Work request:
As you print the data below, keep every line exactly as it is and leave the images behind.

***** Data

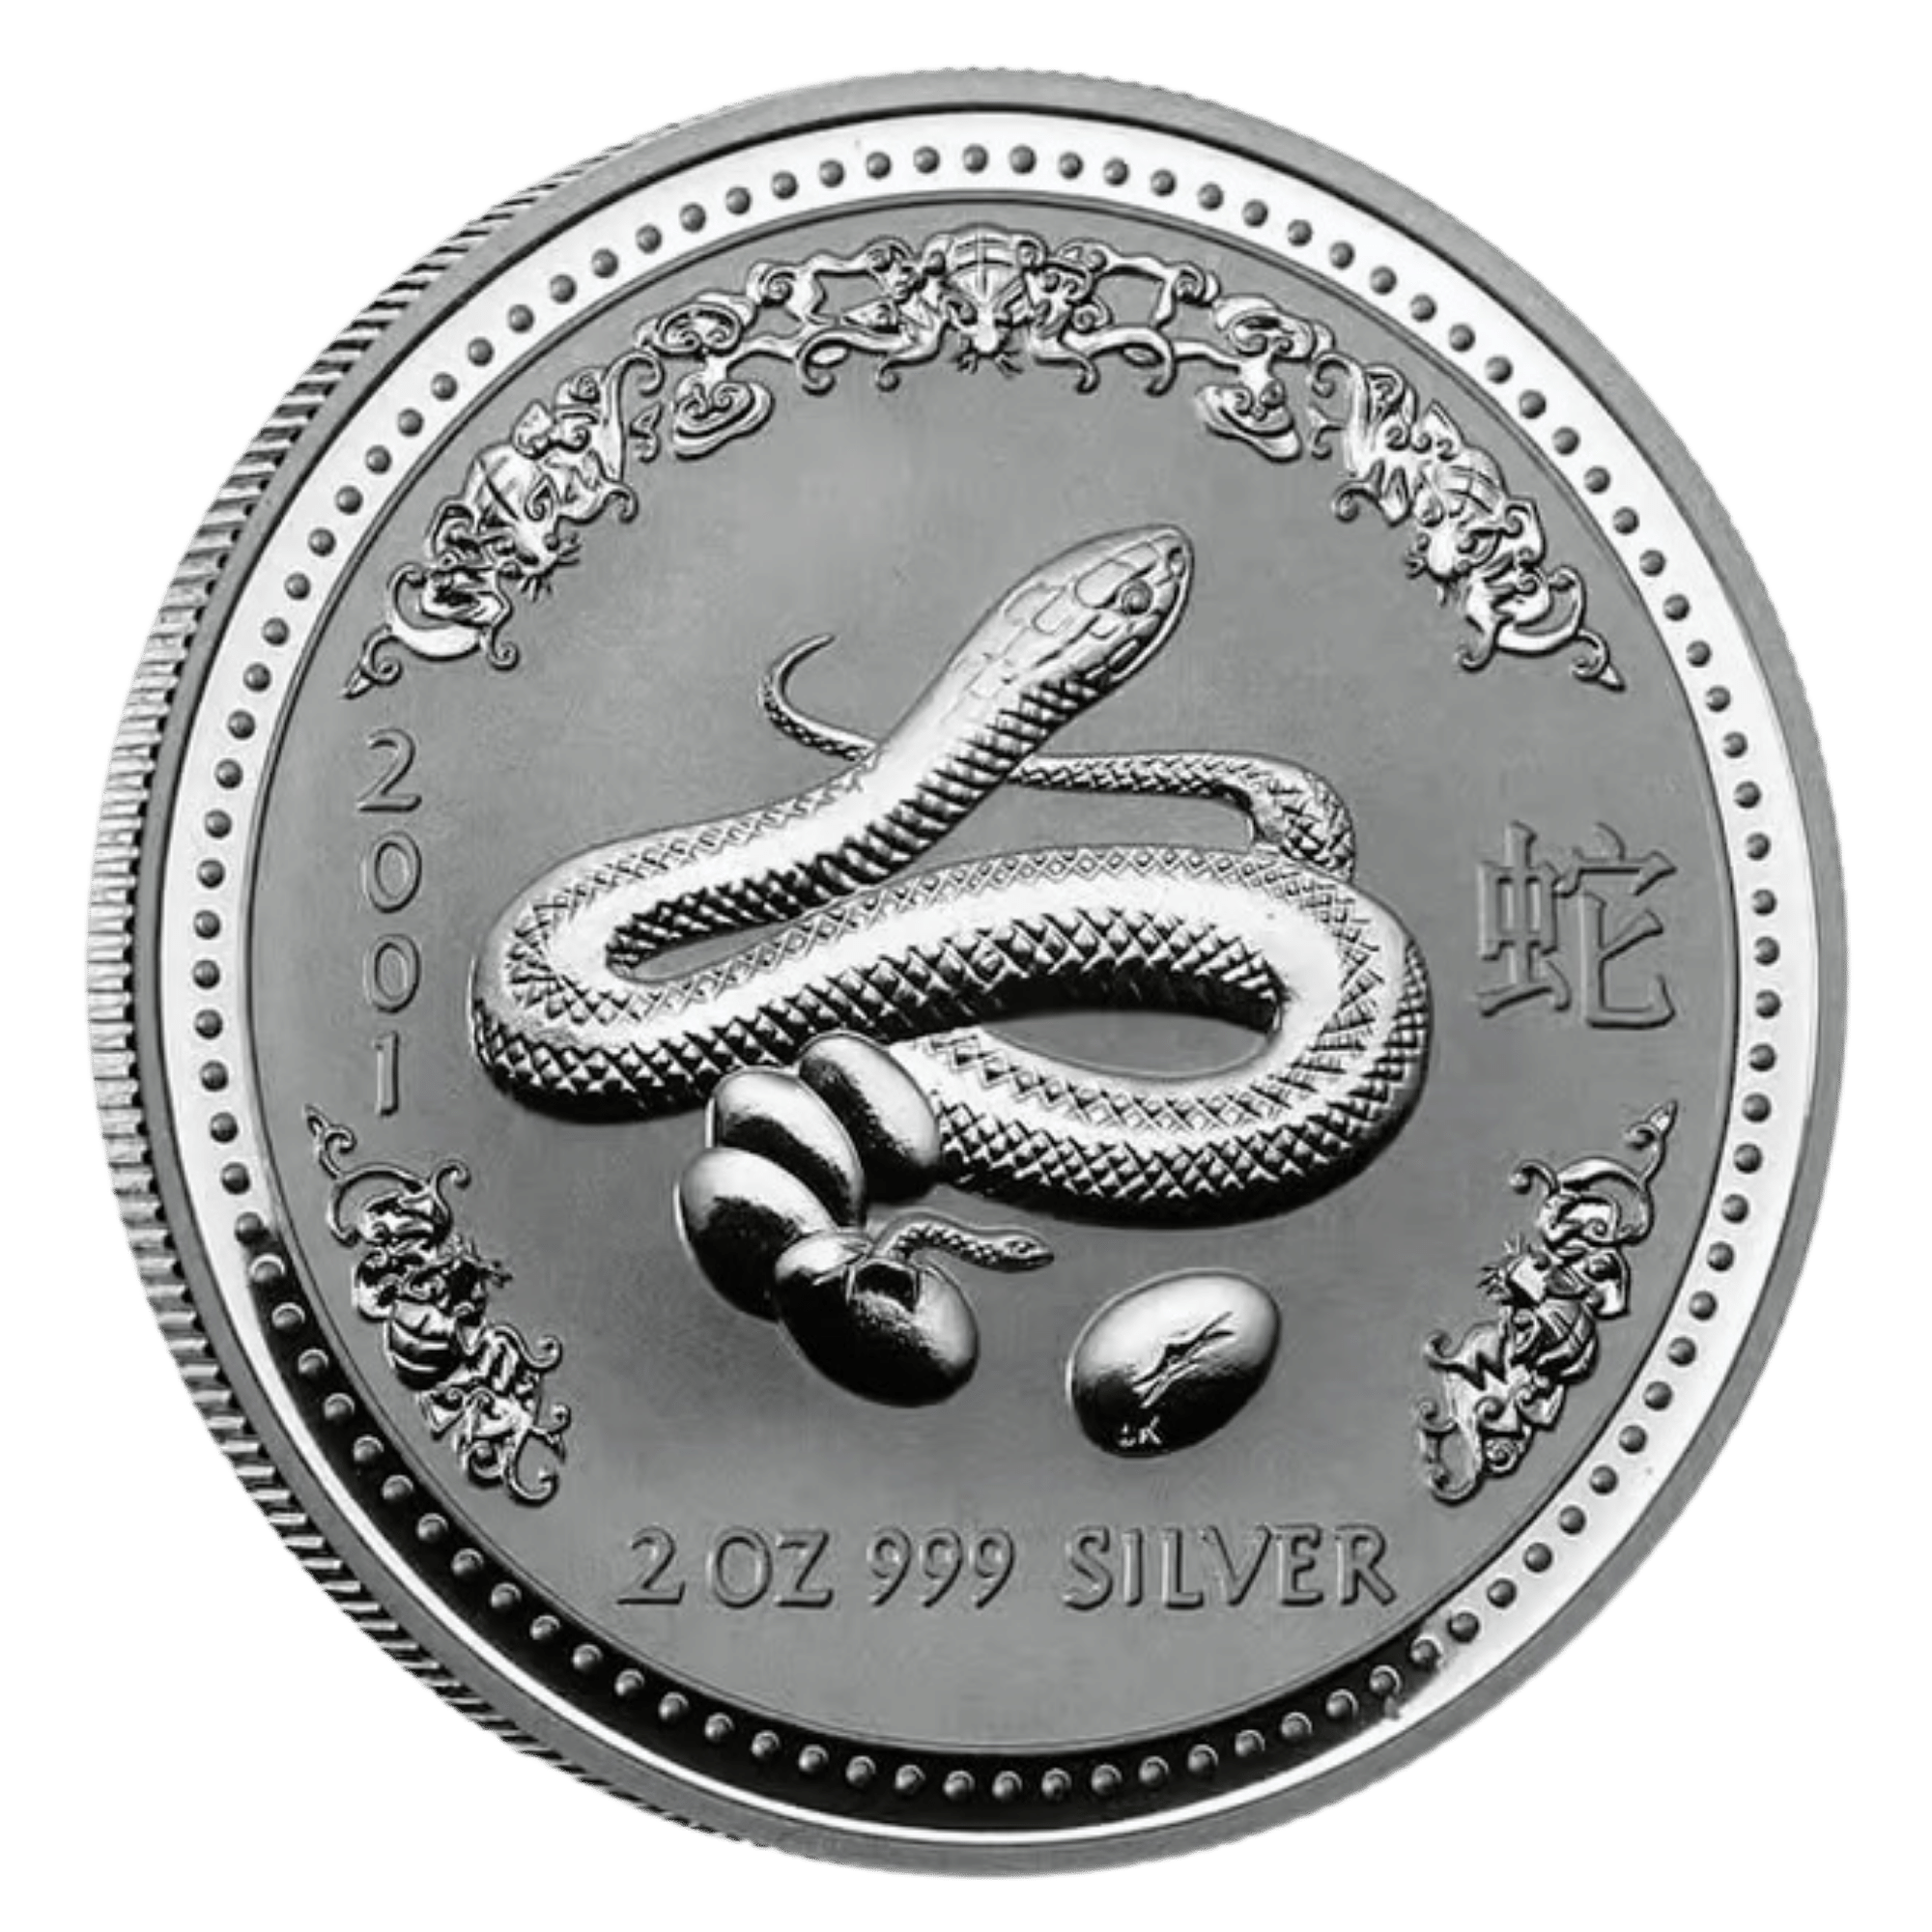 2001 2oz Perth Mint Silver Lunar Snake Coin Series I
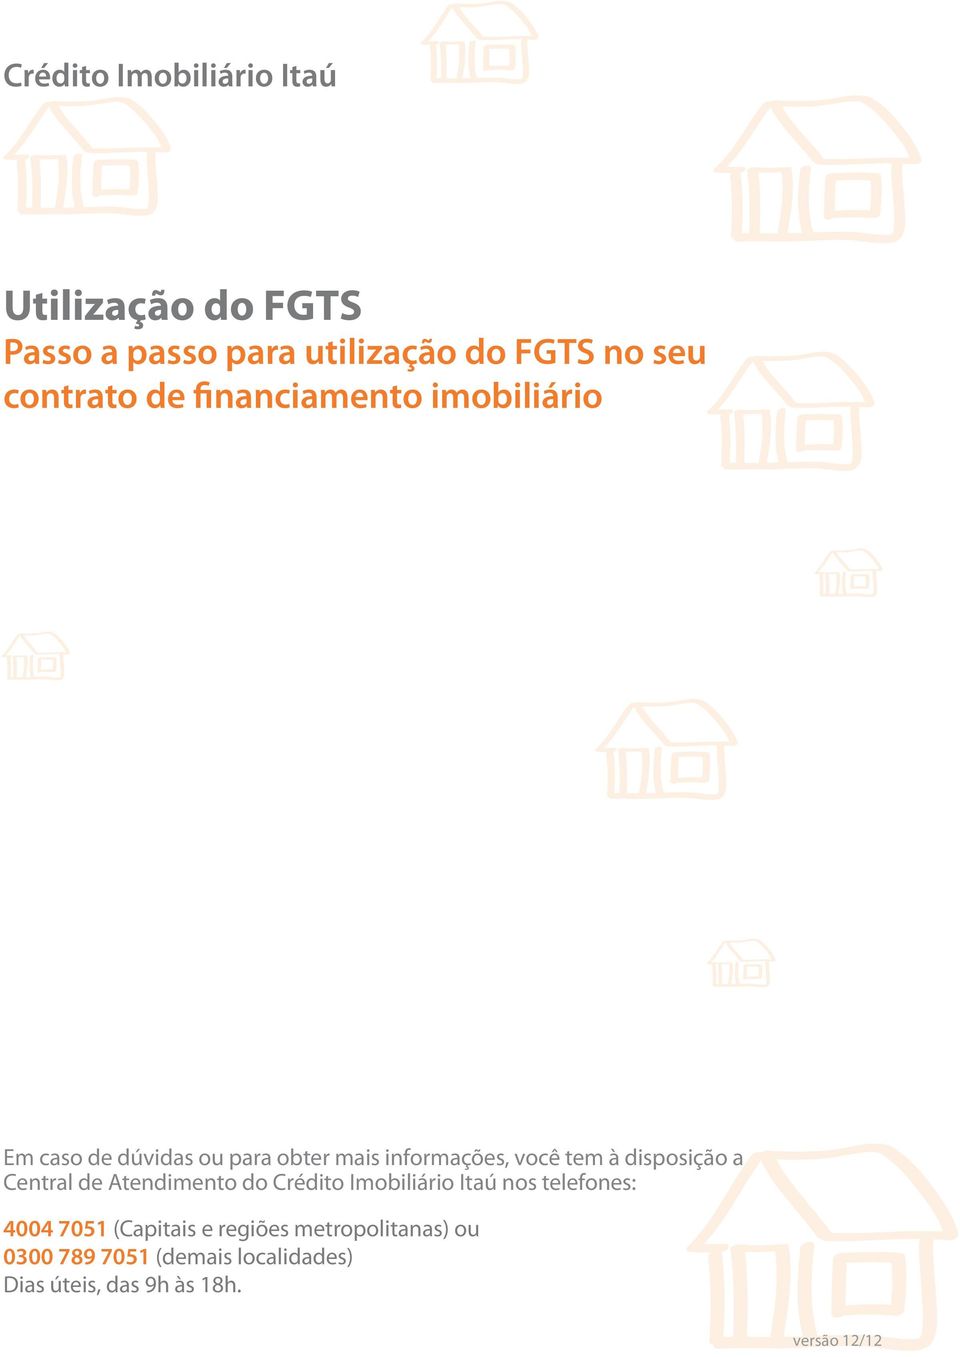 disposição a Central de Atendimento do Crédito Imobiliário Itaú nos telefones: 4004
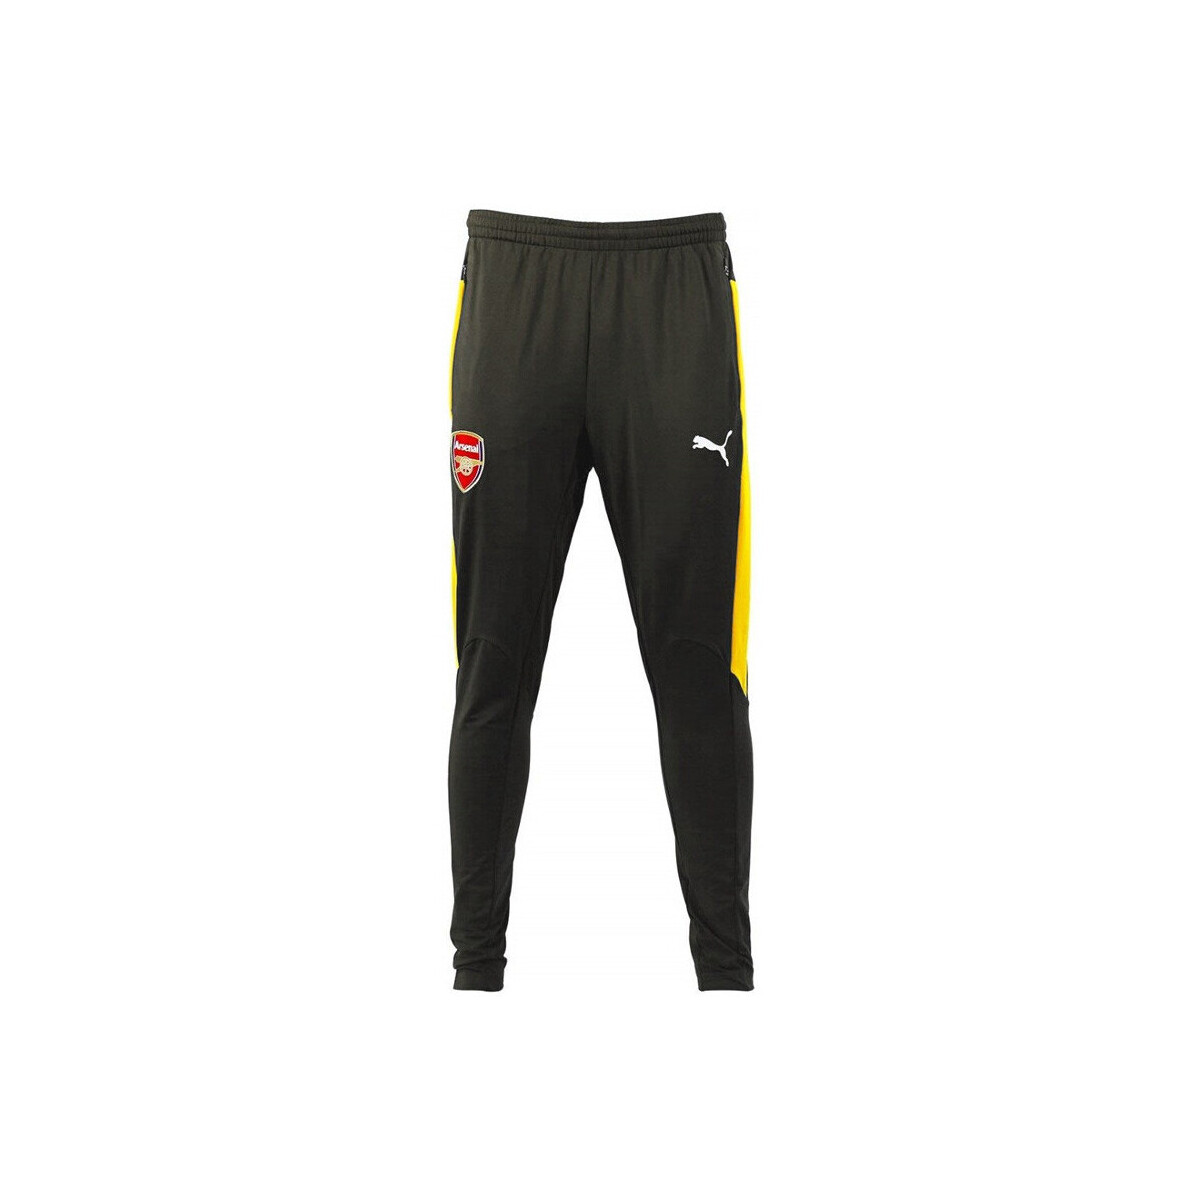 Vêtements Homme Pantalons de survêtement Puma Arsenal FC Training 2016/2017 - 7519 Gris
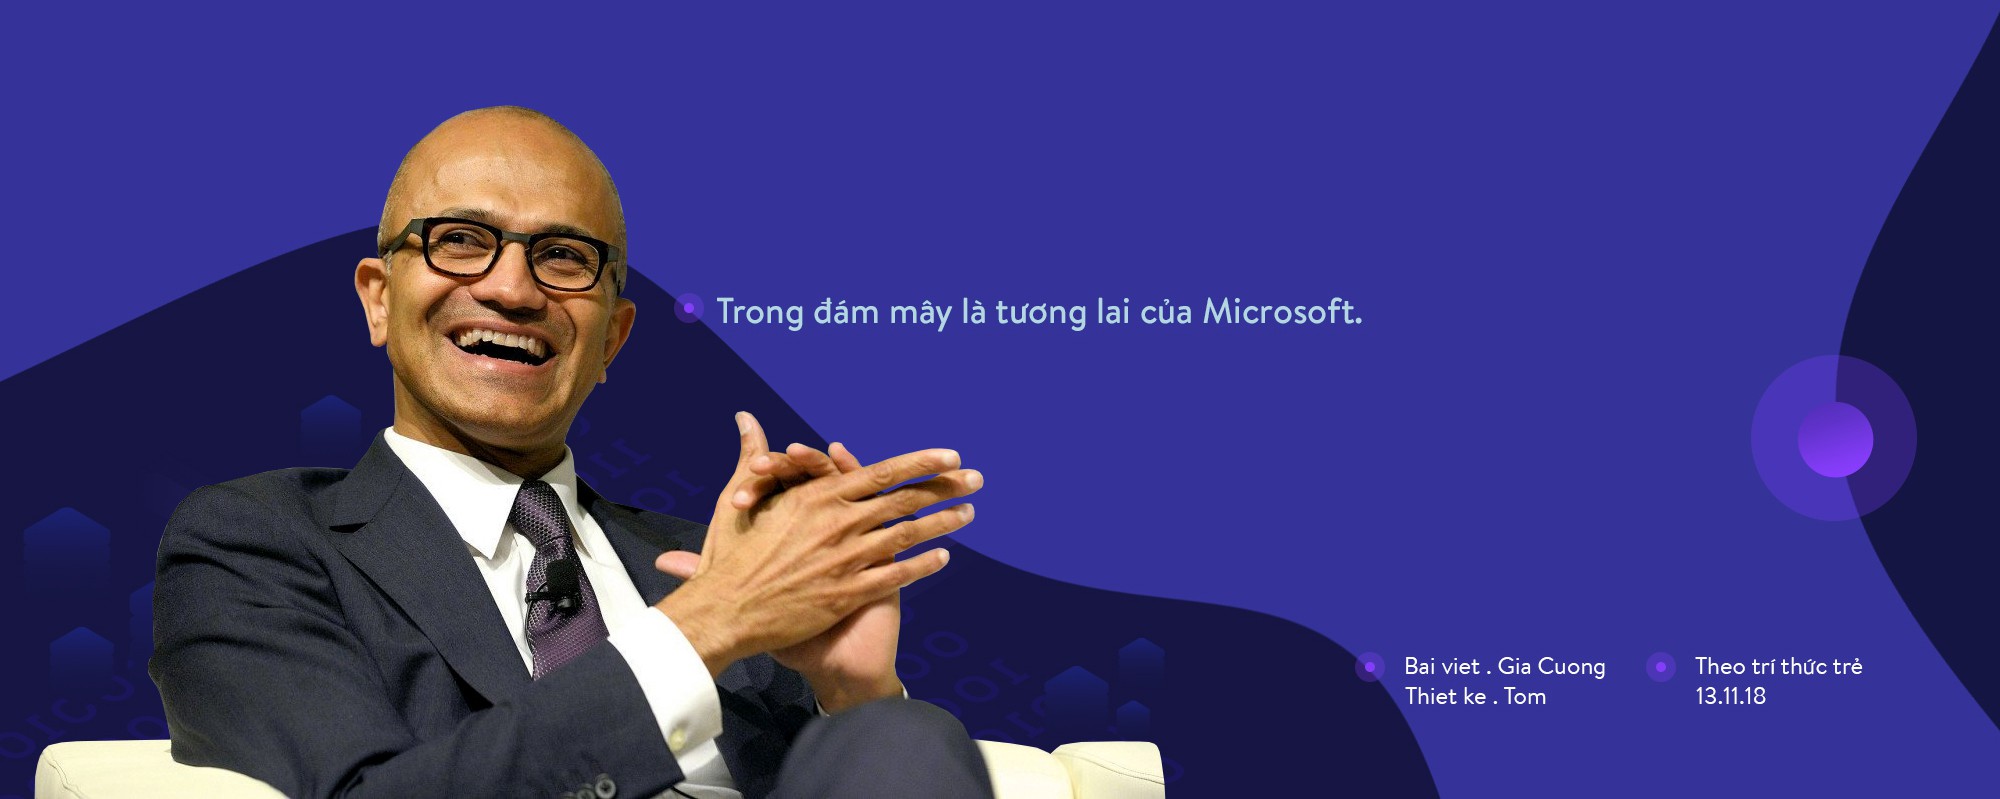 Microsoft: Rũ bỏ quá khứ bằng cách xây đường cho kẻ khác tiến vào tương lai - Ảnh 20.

**********

Reply:
 2001 2oz Perth Mint Silver Lunar Snake Coin Series I
 disposição a Central de Atendimento do Crédito Imobiliário Itaú nos telefones: 4004
 Vêtements Homme Pantalons de survêtement Puma Arsenal FC Training 2016/2017 - 7519 Gris
 Microsoft: Rũ bỏ quá khứ bằng cách xây đường cho kẻ khác tiến vào tương lai - Ảnh 20.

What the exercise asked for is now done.